For good corporate governance, it's important that the independent directors on the board are really independent. In particular, they shouldn't have business relationships with the company other their board service. If they did, it would make it hard for them to rein in the CEO, for fear that they'd lose the business.

There's been tons of work on this topic both in the academic and practitioner literatures. But I haven't seen much on similar relationships for universities. I'm sure that a lot's been done- I just haven't seen it.

Until now.

There's a good illustration in the Boston Globe of directors at Suffolk University (actually, trustees, which serve a similar role for a university) with significant business ties to the school. It turns out they just awarded the University president a 2.8 million dollar pay package. Of course, there were "good reasons" for doing so. Here's the lede from the story:

Boston lobbyist Robert Crowe was key among the Suffolk University trustees who made David J. Sargent the highest paid university president in the nation in 2006, with a $2.8 million compensation package. Less than a year later, Sargent renewed a $10,000-a-month contract with Crowe's lobbying firm to represent Suffolk's interests in Washington.

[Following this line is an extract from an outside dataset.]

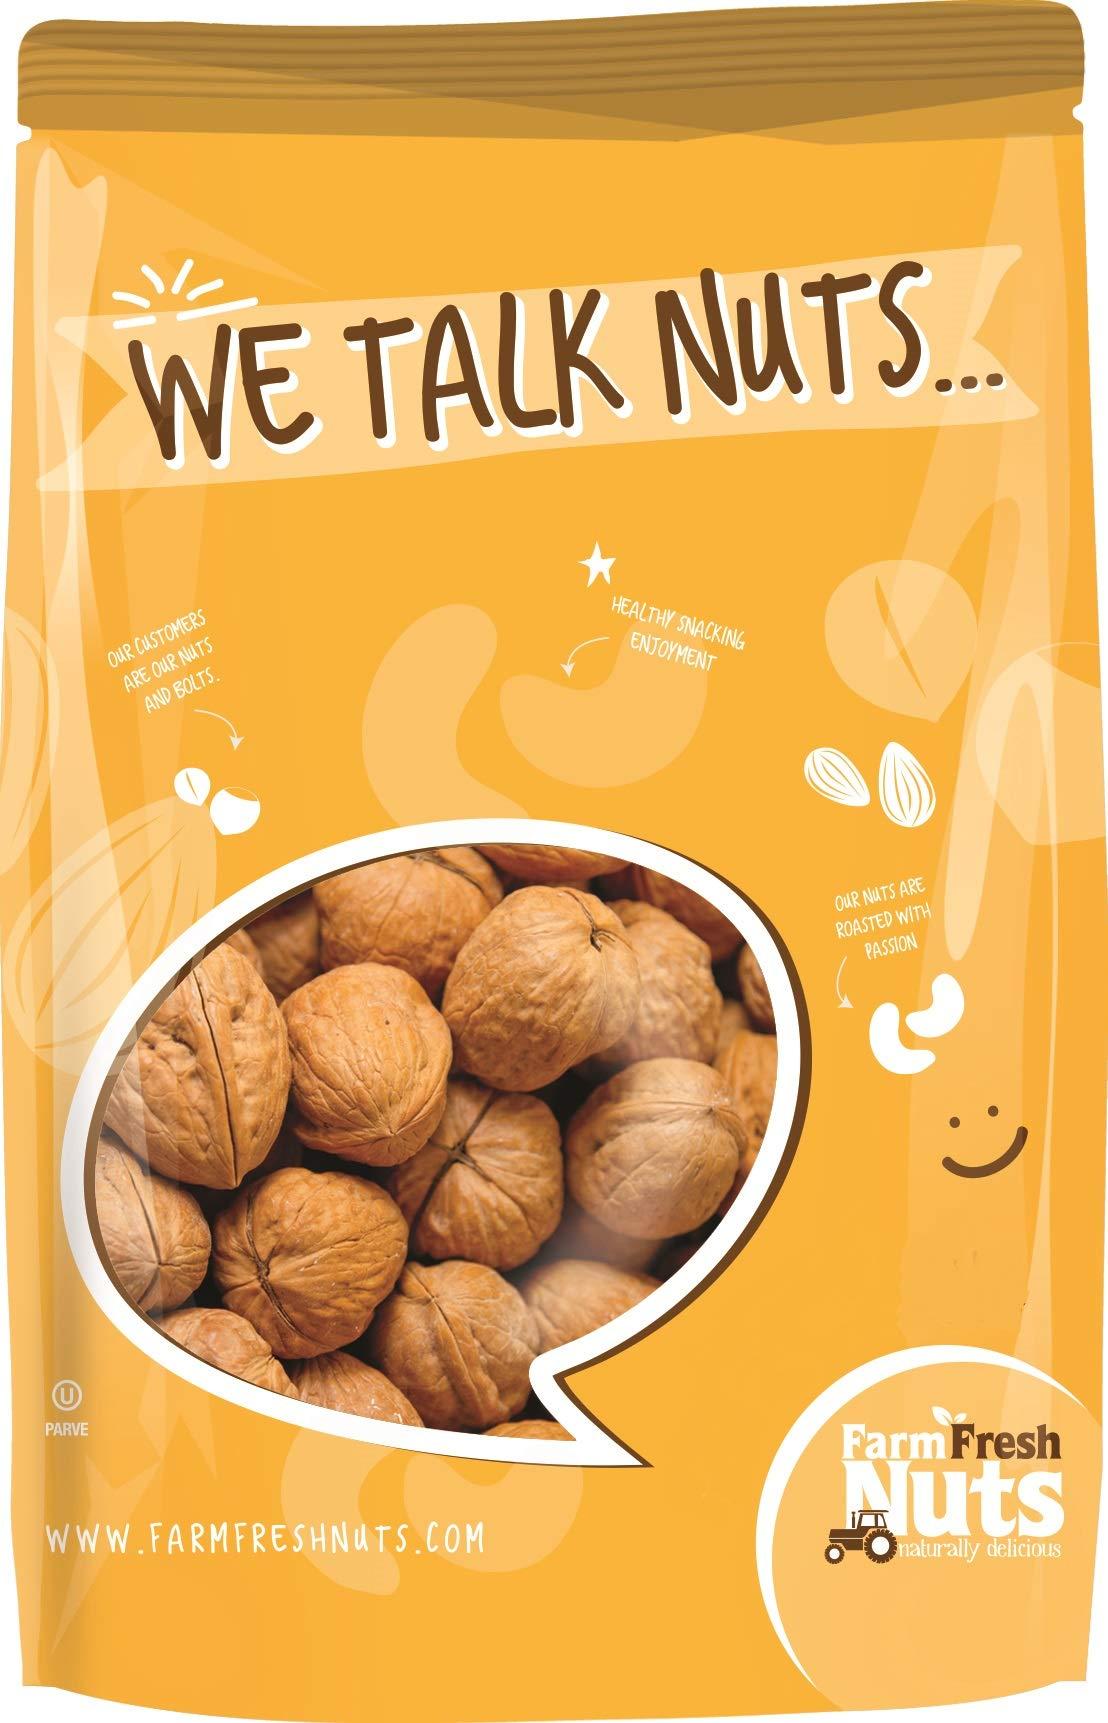 WALNUTS In Shell- JUMBO Natural California Walnuts- Great Source of Omega 3 -!! FRESH NEW CROP !! (2 LB) by Farm Fresh Nuts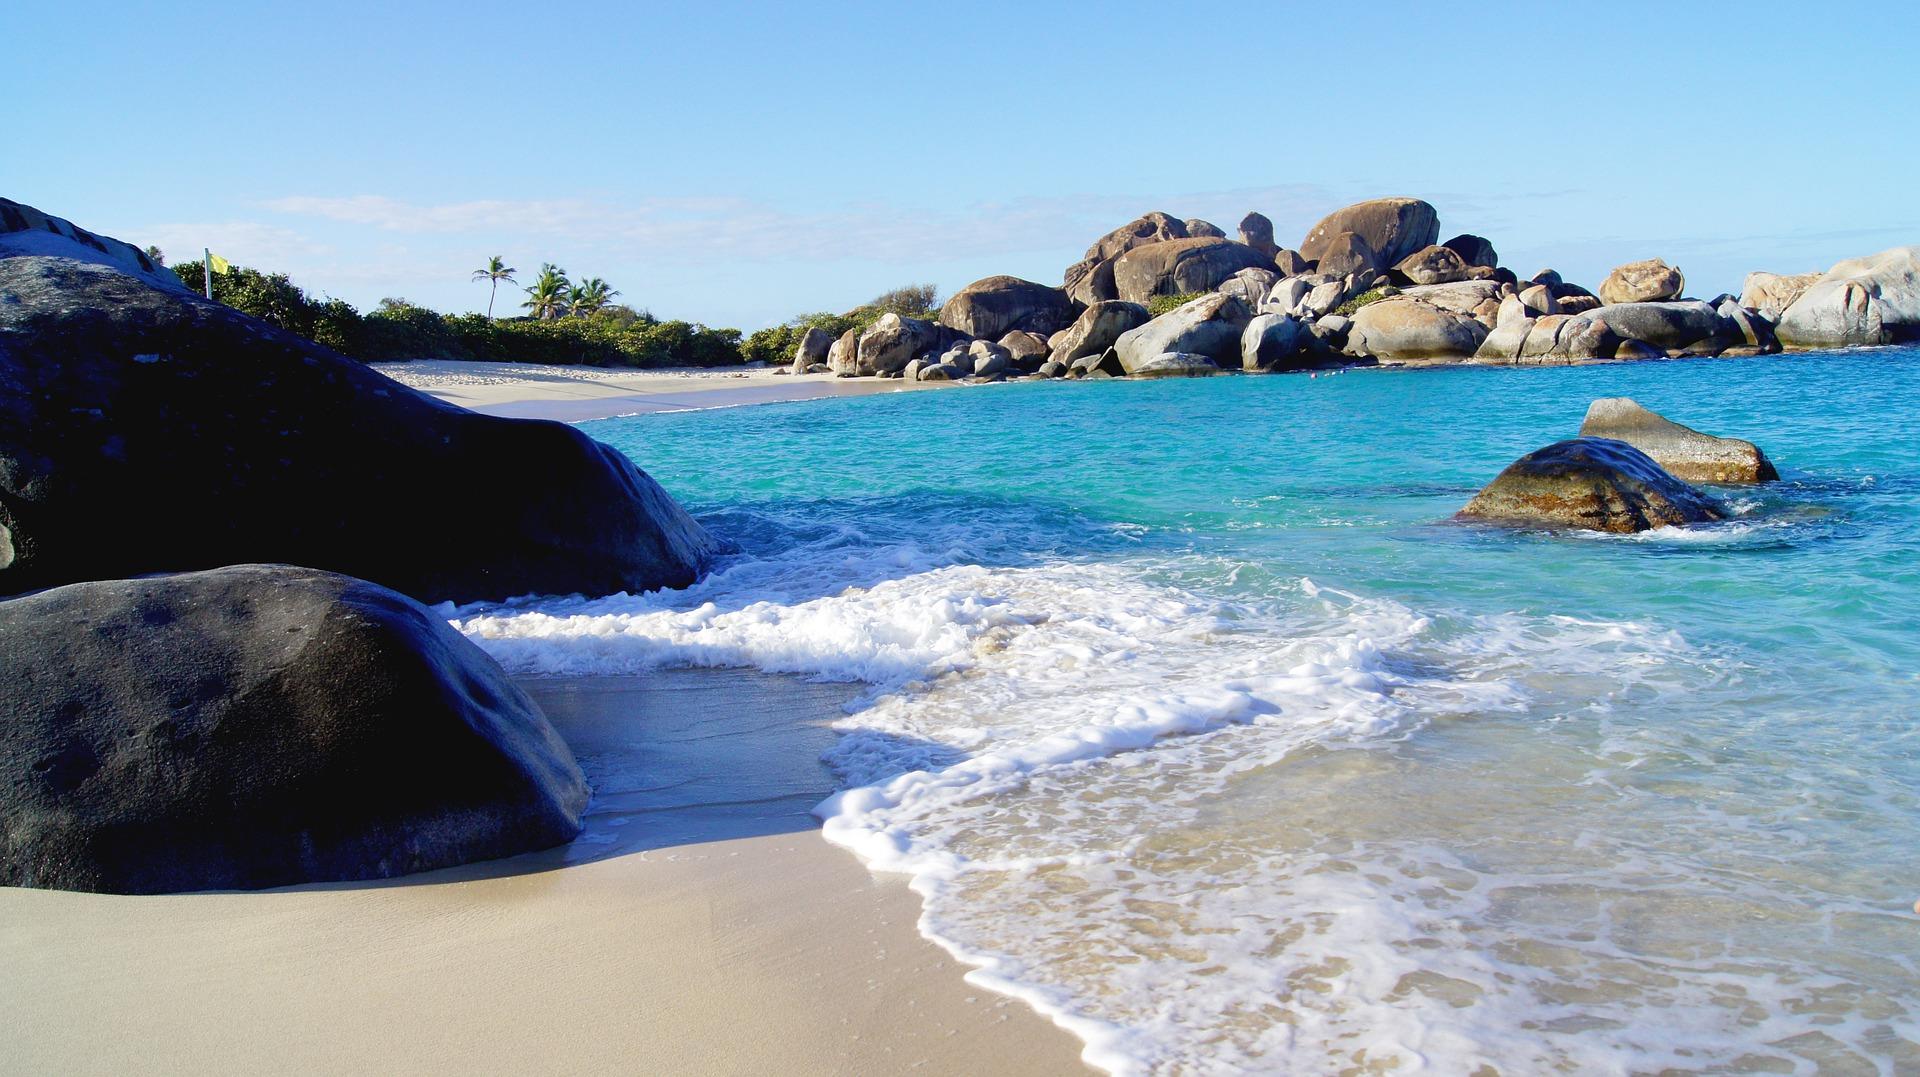 surf washing up on sandy beach in Virgin Gorda with rocks along the beach

This month, as controversy flares over Sargent's pay, the job of publicly defending it falls on George Regan, himself a new appointee to the Suffolk Board of Trustees as well as the beneficiary of a $366,000 annual contract with the university.

Read the whole thing here.

Is this necessarily a bad thing? Not really - it could be perfectly innocent, and it's not surprising that trustees of a university might have significant business ties to the university. After all, they tend to be prominent alumni with a long history with the school. But, when you have those ties, a pay package like that is going to get far greater scrutiny than it would otherwise. Or as Ricky Ricardo would have said, "they got some 'splainin to do".

As an aside, if you want to see some excellent examples of affiliated directors in the corporate world (along with other examples of bad governance), there's no better place to go than Michelle Lederer's Footnoted.org. She's made a career out of scouring through company documents to find some truly outrageous examples of corporate mis-governance.

I think the president of Unknown University considered having some trustees with business ties to the school, but we didn't have enough money to pay the required graft.